GEREĞİ GÖRÜŞÜLÜP DÜŞÜNÜLDÜ:
A) Konuyla İlgili Bilgiler:
1- 29/09/2013 tarihinde işlediği iddia edilen kullanmak için uyuşturucu madde bulundurma suçu nedeniyle TCK"nın 191/2. maddesi gereğince sanık hakkında tedavi ve denetimli serbestlik tedbiri uygulanmasına dair Malatya 2. Sulh Ceza Mahkemesi"nin 04/12/2013 tarihli ve 2013/1086 esas, 2013/958 sayılı kararının kesinleşmesini müteakip infazına başlandığı,
2- Sanığın, tedavi ve denetimli serbestlik tedbirini ihlal ettiği gerekçesiyle yargılamaya devam edilerek, Malatya 7. Asliye Ceza Mahkemesi"nin 09/12/2014 tarihli ve 2014/1185 esas, 2014/402 sayılı kararı ile TCK’nın 191/1 ve 62. maddeleri uyarınca 10 ay hapis cezası ile cezalandırılmasına ve hükmün açıklanmasının geri bırakılmasına karar verildiği ve yasa yoluna başvurulmadan kesinleştiği,
Anlaşılmıştır.
B) Kanun Yararına Bozma Talebi:
Kanun yararına bozma talebi ve ihbar yazısında, "Dosya kapsamına göre, sanık ..."un 29/09/2013 tarihinde uyuşturucu madde kullandığından bahisle Malatya Cumhuriyet Başsavcılığı tarafından kamu davası açılması üzerine yapılan yargılama sonucunda, (kapatılan) Malatya 2. Sulh Ceza Mahkemesinin 04/12/2013 tarihli ve 2013/1086 esas, 2013/958 sayılı kararıyla sanık hakkında, 5237 sayılı Kanun’un 191/2. maddesi gereğince tedavi ve denetimli serbestlik tedbiri uygulanmasına karar verildiği, söz konusu kararın infazı esnasında Malatya Cumhuriyet Başsavcılığı İlamat ve İnfaz Bürosu"nun 24/06/2014 tarihli ve 2014/72 Ted. sayılı yazısıyla sanığın denetim planına uymadığından dosya kaydının kapatılarak bila infaz ilamın iade edildiği, ancak yapılan araştırmada, 08/12/2014 tarihinde sanığın dosyasının adres itibariyle kapatılarak Bakırköy Denetimli Serbestlik Müdürlüğü"ne gönderilmesine karar verildiği, İstanbul Cumhuriyet Başsavcılığının 18/03/2015 tarihli ve 2015/2659 sayılı yazısı gereği sanığın yükümlülüklerine uyduğundan infazının halen devam ettiğinin bildirildiği ve sanığın birden fazla dosyasının olması nedeniyle karışıklık olduğunun anlaşılması karşısında, yazılı şekilde karar verilmesinde isabet görülmemiştir." denilerek, Malatya 7. Asliye Ceza Mahkemesi"nin 09/12/2014 tarihli ve 2014/1185 esas, 2014/402 sayılı kararının bozulması istenmiştir.

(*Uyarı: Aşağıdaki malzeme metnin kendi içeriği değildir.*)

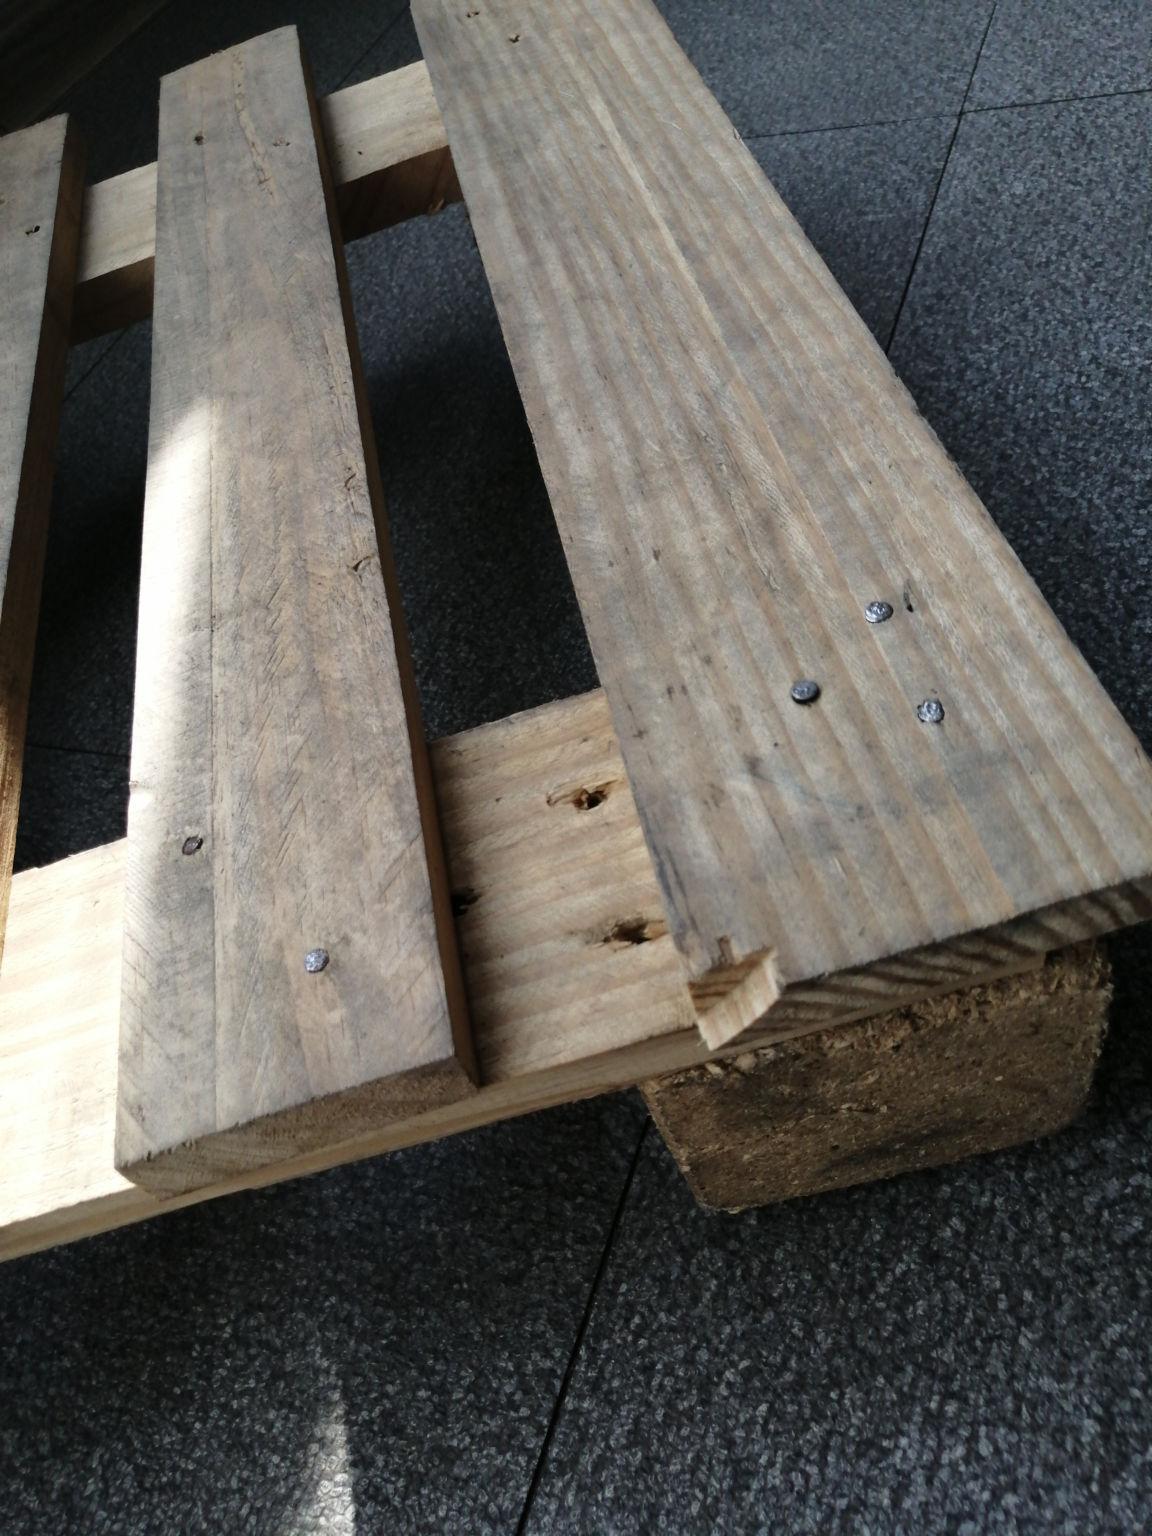 杨木??,㍠➳┾┮手木托盘厂家-杨木??,⊙⇉∴╊≨手木托盘厂家、公司、?,⌒✵◑【┠?业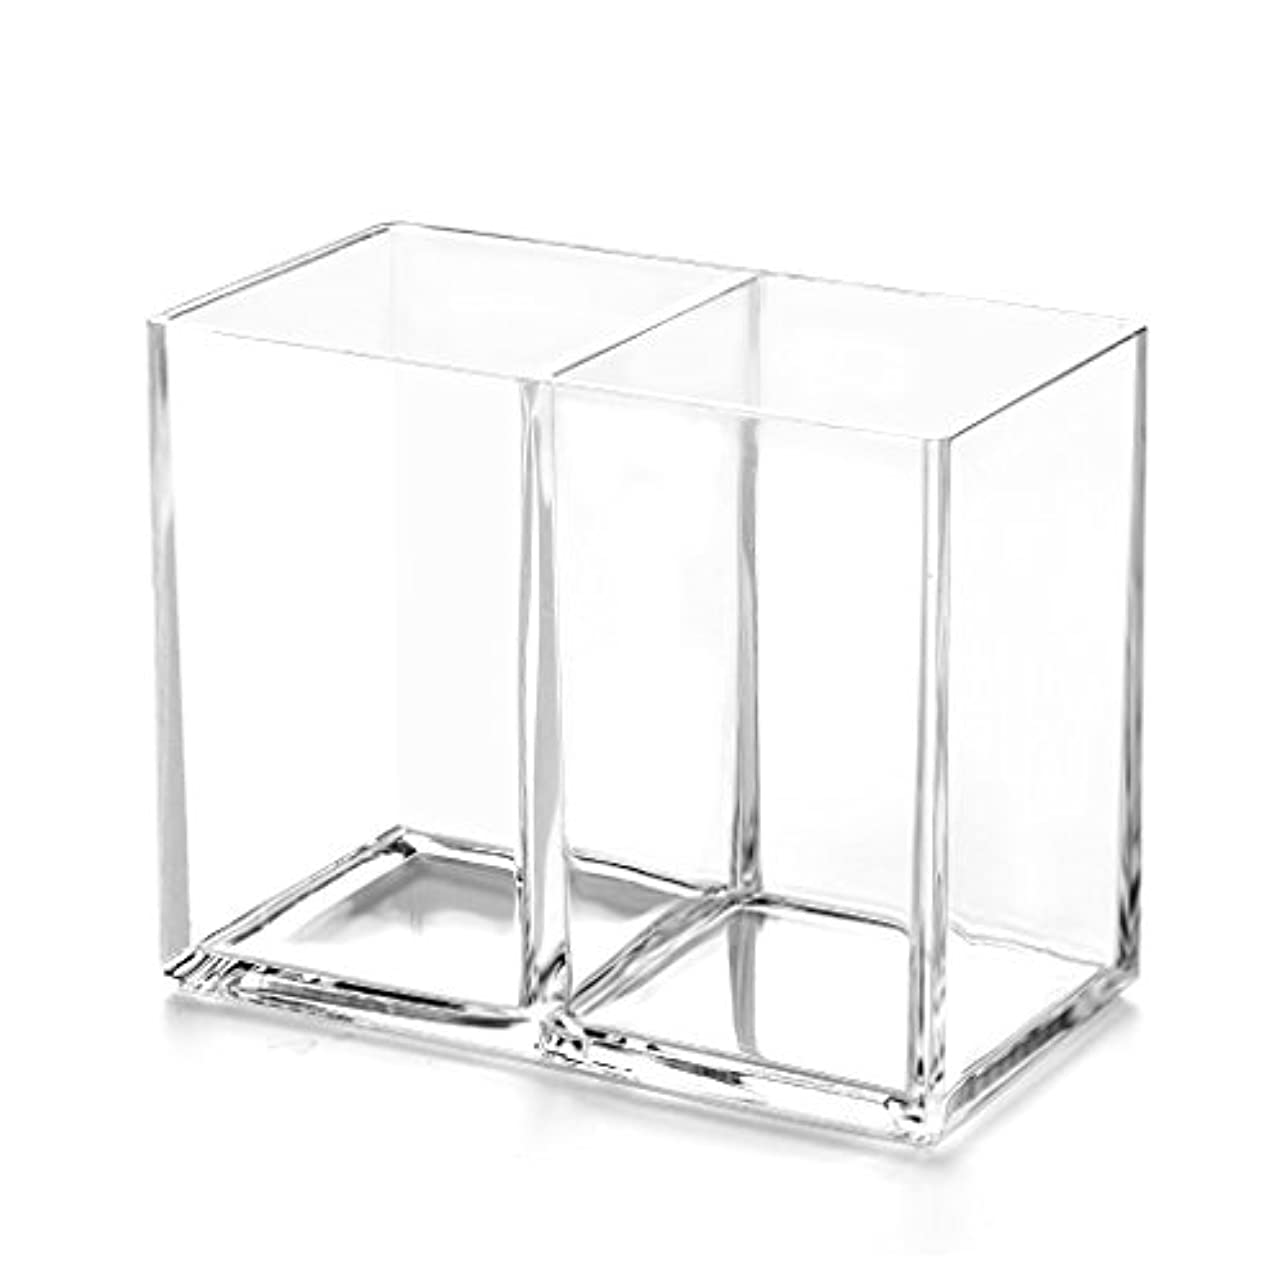 プレート不明瞭不名誉RiLiKu アクリルメイクブラシ収納ボックス 2段透明ペン立て 卓上文房具収納ボックス

C) Konunun Değerlendirilmesi:
Yargıtay Ceza Genel Kurulu"nun 11.03.2014 gün ve 102-128 sayılı kararı ile bu kararda atıf yapılan 29.06.2010 gün ve 70-159 sayılı kararında belirtildiği üzere, sanık hakkında kurulan mahkûmiyet hükmünün hukuki bir sonuç doğurmamasını ifade eden hükmün açıklanmasının geri bırakılması, esas itibariyle bünyesinde iki karar barındıran bir kurumdur. İlk karar teknik anlamda hüküm sayılan, ancak açıklanmasının geri bırakılmasına karar verilmesi nedeniyle hukuken varlık kazanamayan bu nedenle hüküm ifade etmeyen, koşullara uyulması halinde düşme hükmüne dönüşecek, koşullara uyulmaması halinde ise varlık kazanacak olan mahkûmiyet hükmü, ikinci karar ise, bu ön hükmün üzerine inşa edilen ve önceki hükmün varlık kazanmasını engelleyen hükmün açıklanmasının geri bırakılması kararıdır. Hükmün açıklanmasının geri bırakılması kararı, CMK’nın 231/5-14. fıkralarındaki koşullar kapsamında kanun yararına bozma konusu yapılabilmekle birlikte, “hükmün açıklanmasının geri bırakılması kararı”nın üzerine inşa edildiği hükmün içeriğindeki hukuka aykırılıklar ancak hükmün hukuken varlık kazanması halinde olağan ve olağanüstü yasa yolları denetimine konu olabileceğinden, henüz hukuken varlık kazanmayan bir hükmün ne olağan ne de olağanüstü yasa yolu denetimine konu edilmesi mümkün değildir. Bu nedenle, hükmün açıklanmasının geri bırakılması kararının verildiği ahvalde hükmün içeriğine dahil bulunan hukuka aykırılıkların, kanun yararına bozma yasa yoluyla denetlenmesi olanağı bulunmamaktadır.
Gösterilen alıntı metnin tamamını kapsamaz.